Эмхир приподнялся и осторожно стянул повязку, закрывавшую его бок.

«Почти зажило, – подумал нойр. – Клинок был отравлен». Вокруг наметившегося глубокого шрама расползалась темная сетка сосудов.

Тем временем проснулась девушка, сидевшая возле опоры шатра.

– Гарван, – сказала она, глядя так, будто все еще не верила своим глазам.

Взяв лампу, Ахина поспешила к нойру и опустилась около него на колени.

Эмхир всмотрелся в ее лицо и понял, что знает эту девушку.

– Крина... Не думал, что увижу тебя когда-нибудь.

– Здесь я Ахина, о Гарван, – сказала она, легко улыбаясь. – Я больше не сестра моим сестрам, здесь моя семья. Пустыня мне ближе Гафастана и всякого иного города, а вода ручья, что течет возле этих двух пальм, – она кивнула куда-то в сторону, – мне кажется более приятной, чем вода Великой Реки, да простят меня Милостивые.

Эмхир кивнул. Мысли его путались, но последние события, равно как и пребывание в Пустыне, нойр помнил хорошо.

В шатер вошел Аривад.
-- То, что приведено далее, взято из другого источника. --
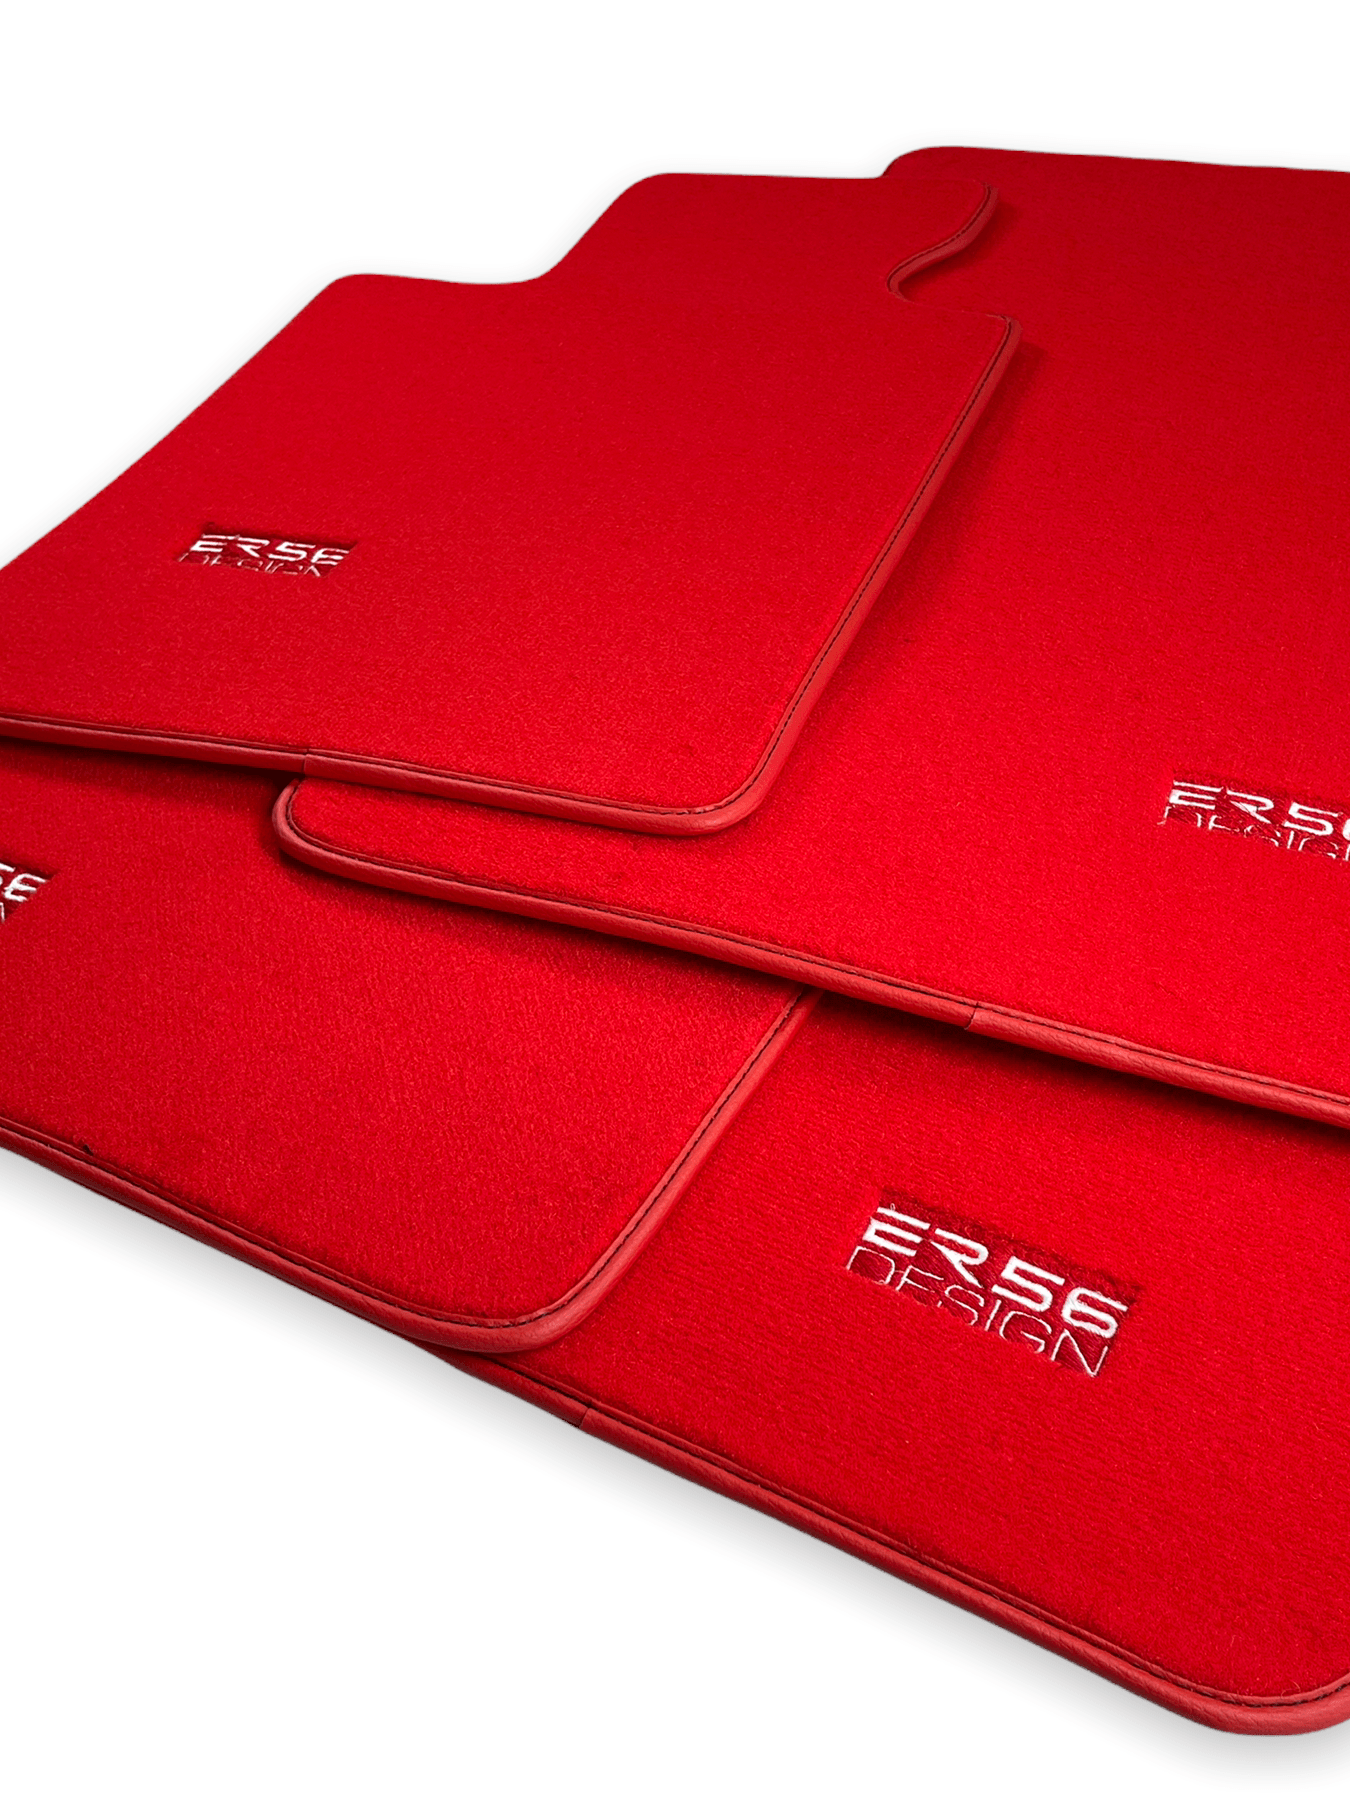 Red Floor Mats For BMW 6 Series F06 Gran Coupe - ER56 Design Brand - AutoWin

Он увидел, что Гарван очнулся и произнес:

– Большая честь для нашего племени принимать здесь тебя, Старший Гарван.

Эмхир ничего не ответил.

– Духи поведали мне очень многое, – сказал хиит, зажигая еще одну масляную лампу и ставя ее на низкий столик. – Я вижу, ты очень хотел угодить в объятия Вафат раньше срока, но ты же знаешь, что это грех. Понимаю, ты сам не стал бы ничего делать, но доверил это убийцам, а потом решил просто не сопротивляться...

– Мне была указана воля Амры, переданная через ее жрицу, – перебил его Эмхир.

Старик-хиит покачал головой, затем опустился на ковер, скрестив ноги.

– Жрица? Просто жрица? – он усмехнулся, внимательно глядя на Гарвана. – Верить можно только предсказаниям Провидицы, и то, если уметь их правильно истолковать. А толкований может быть великое множество. Я ничего не имею против Амры, но вот ее служители никогда не внушали мне особого доверия. Как узнать, кто говорил ее устами? Тебя, конечно, хорошо запутали, о Гарван. И я не знаю, как на тебе отразится все, что случилось. И как много времени уйдет на то, чтобы вернуть твой Дар, чтобы ты здесь не сошел с ума и не угодил в объятия Вафат.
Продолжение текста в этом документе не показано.